1st Chancellor of Switzerland
- In office 1803–1830
- Preceded by: Position established
- Succeeded by: Josef Franz Karl Amrhyn

Personal details
- Born: 17 February 1776 Morges, Switzerland
- Died: 21 June 1861 (aged 85) Zürich, Switzerland
- Alma mater: University of Tübingen

= Jean-Marc Mousson =

Jean-Marc Samuel Isaac Mousson (17 February 1776 – 21 June 1861) was a Swiss politician and civil servant. He was the first Chancellor of Switzerland from 1803 to 1830.

==Biography==
Mousson was born on 17 February 1776 in Morges. the descendant of Huguenot refugees from Le Mas-d'Azil in the French County of Foix who took up refuge on the Vaud side of Lake Geneva, in Morges following the revocation of the Edict of Nantes by Louis XIV. His father was a reformed pastor. Mousson studied law at the Academy in Lausanne. He continued his studies at the University of Tübingen, where his obtained his doctorate in 1796. After the French invasion of Switzerland and the establishment of the Helvetic Republic, he took in January 1798 the position of deputy of Bursins in provisional meeting of the "Lemanischen Republic" in part and was its secretary.

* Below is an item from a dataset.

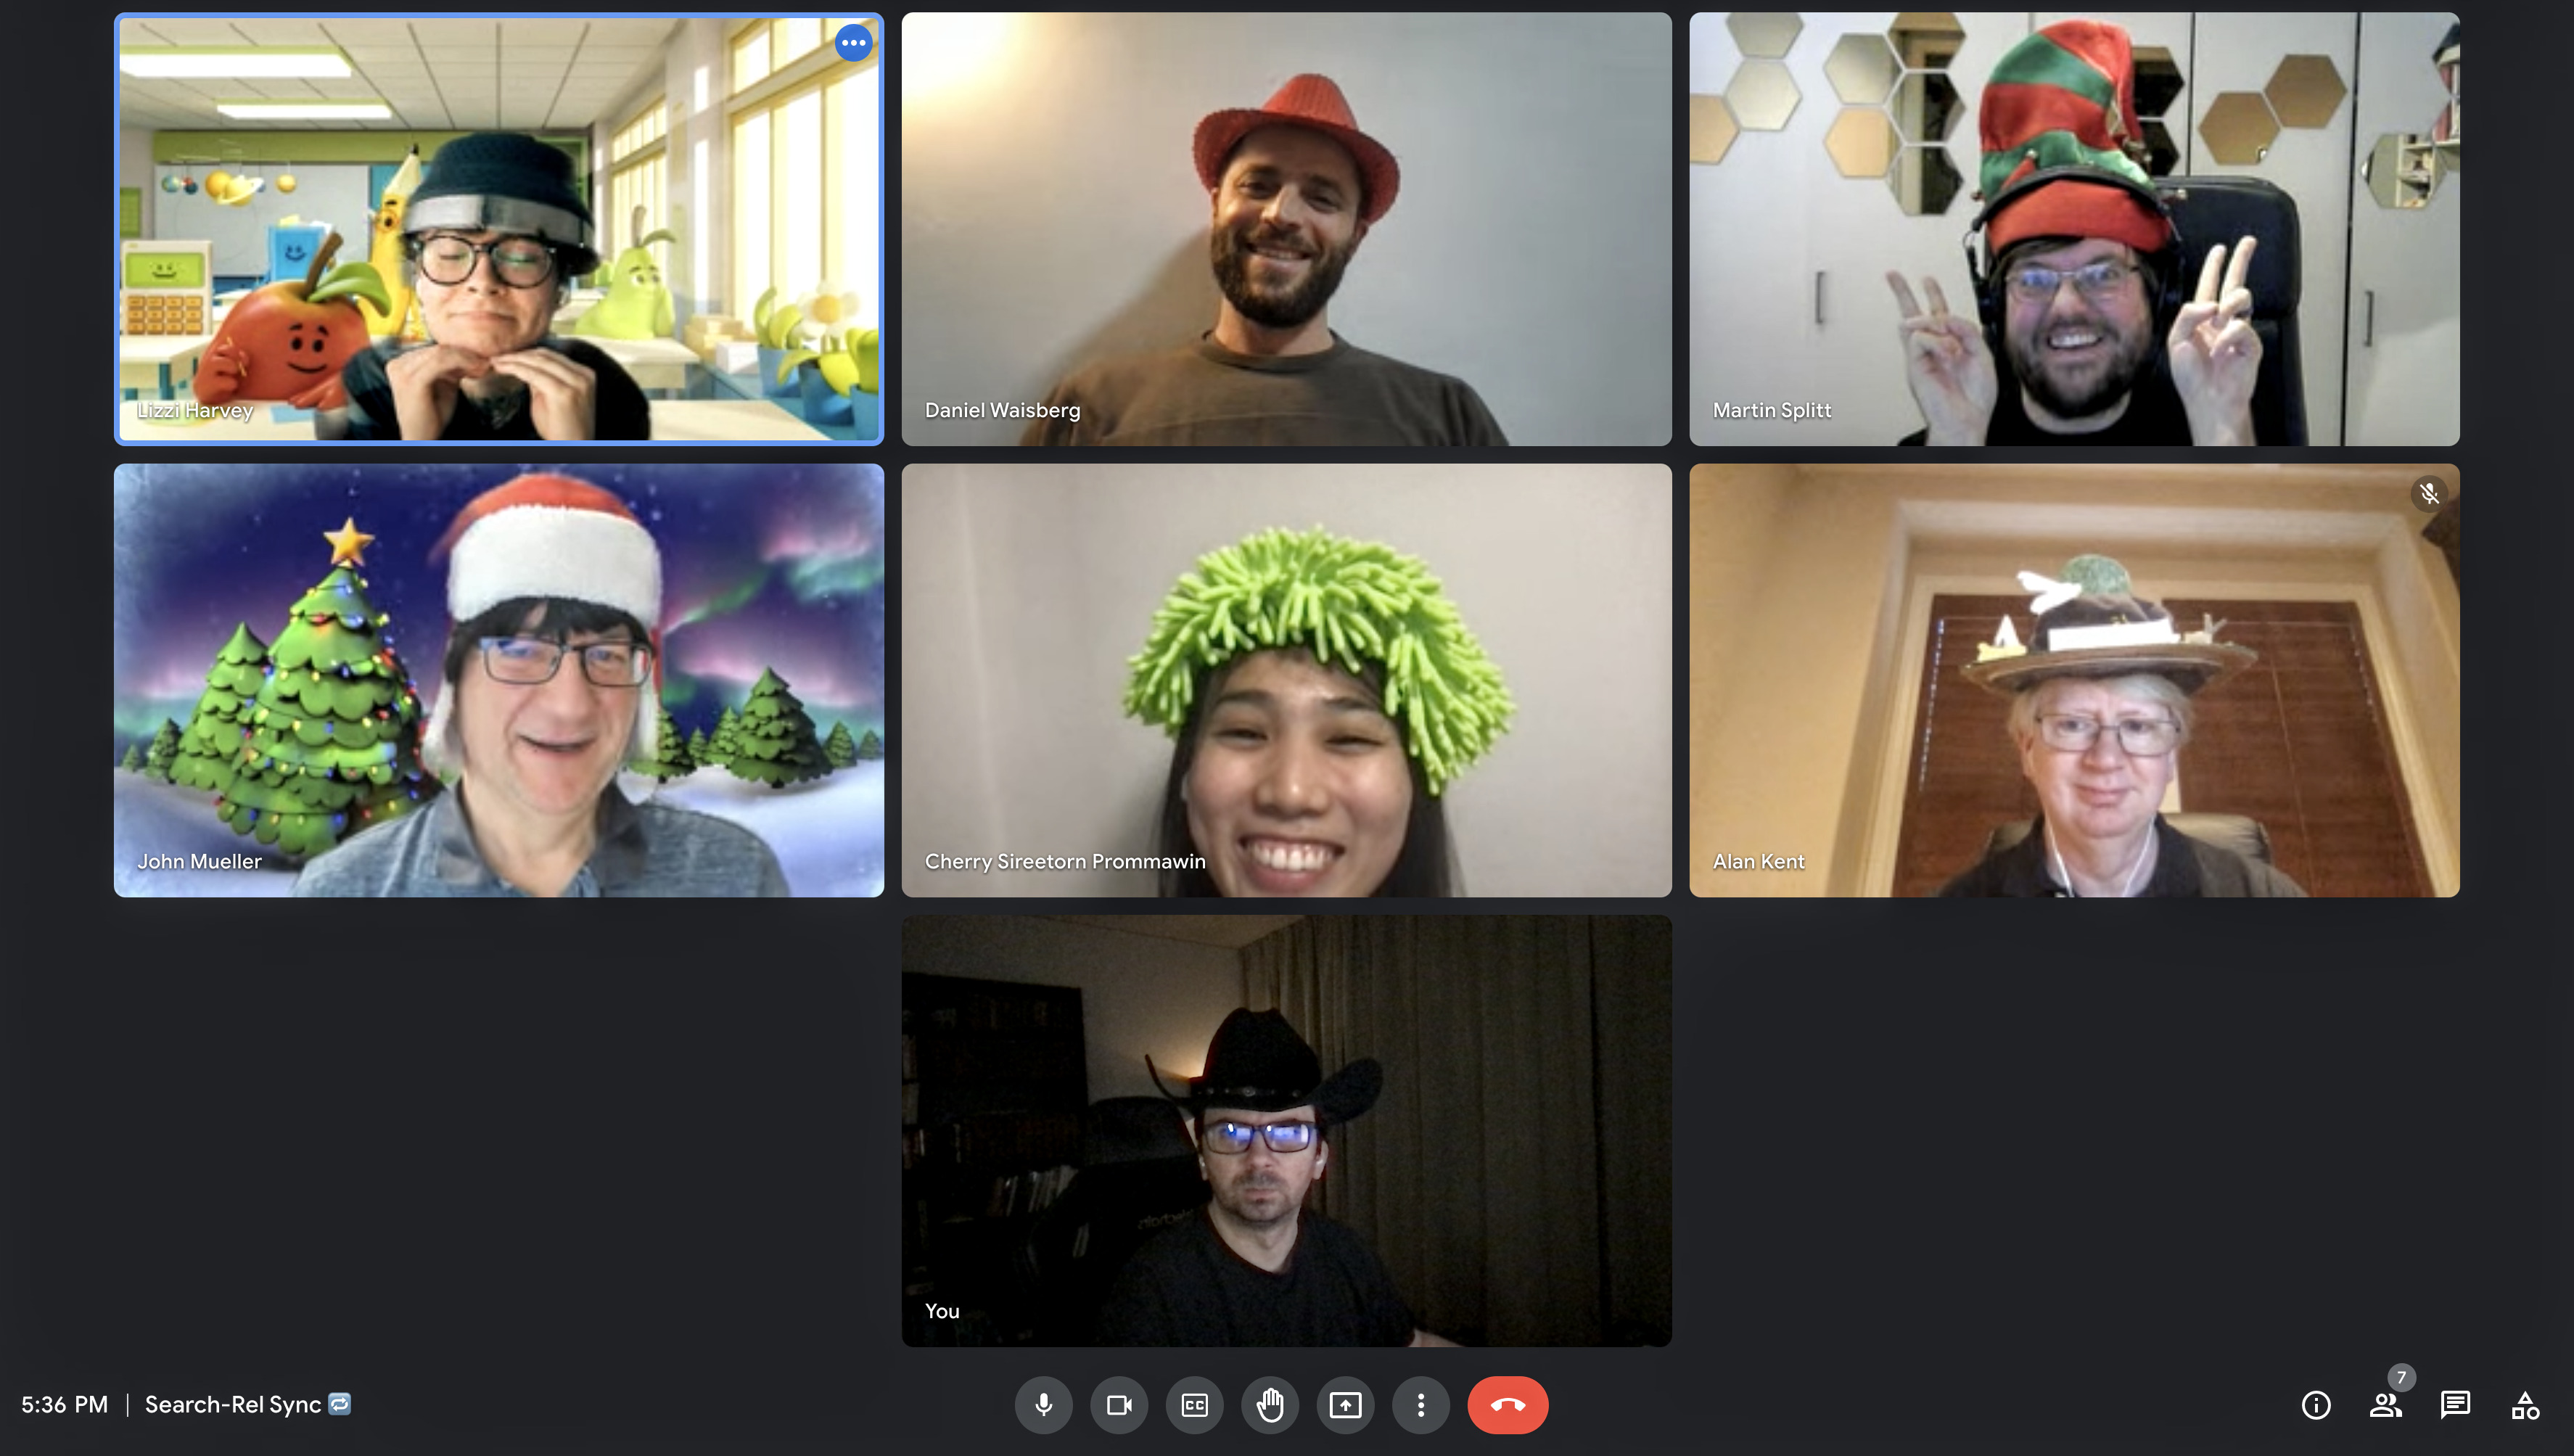 The search relations team in a video meeting

The Directorate of the Helvetic Republic appointed Mousson in June 1798 to the post of Secretary-General. In 1803, he was appointed private secretary to Landammann Louis d'Affry. That same year, at only 27 years of age, he was elected to the Diet Chancellor of the Confederation; he was the first and youngest in Switzerland to reach this high office. Mousson was instrumental in the construction of the Federal Chancellery, the oldest permanent federal agency in Switzerland. He remained in that position until his retirement in 1830, successively passing through the period of the Act of Mediation (1803), as well as the Restoration.

From September 1833 to January 1834, he was part of the arbitral tribunal that legally regulated the separation of the canton of Basel. He then retired to Zürich where he continued to participate in federal political debate. During his career, he was appointed honorary citizen of Zürich (1816) and Bern (1821). He was also awarded the Order of St. Stephen of Hungary (1815) by Francis I, Emperor of Austria and the Red Eagle of Prussia (1817) by Frederick William IV of Prussia.

He spent the last 20 years of his life in Zürich, on "Zur Schonau", the property of his son Heinrich, overlooking the city.

His son Heinrich was State Secretary of the Confederation from 1830 to 1833. Heinrich married Régula Dorothea von Wyss, daughter of David von Wyss, mayor of Zürich. Heinrich would later serve as mayor of Zürich himself from 1840 to 1845, and subsequently as President of the Federal Diet.

In 2012, Mousson was honored in his hometown of Morges with a plaque bearing his name.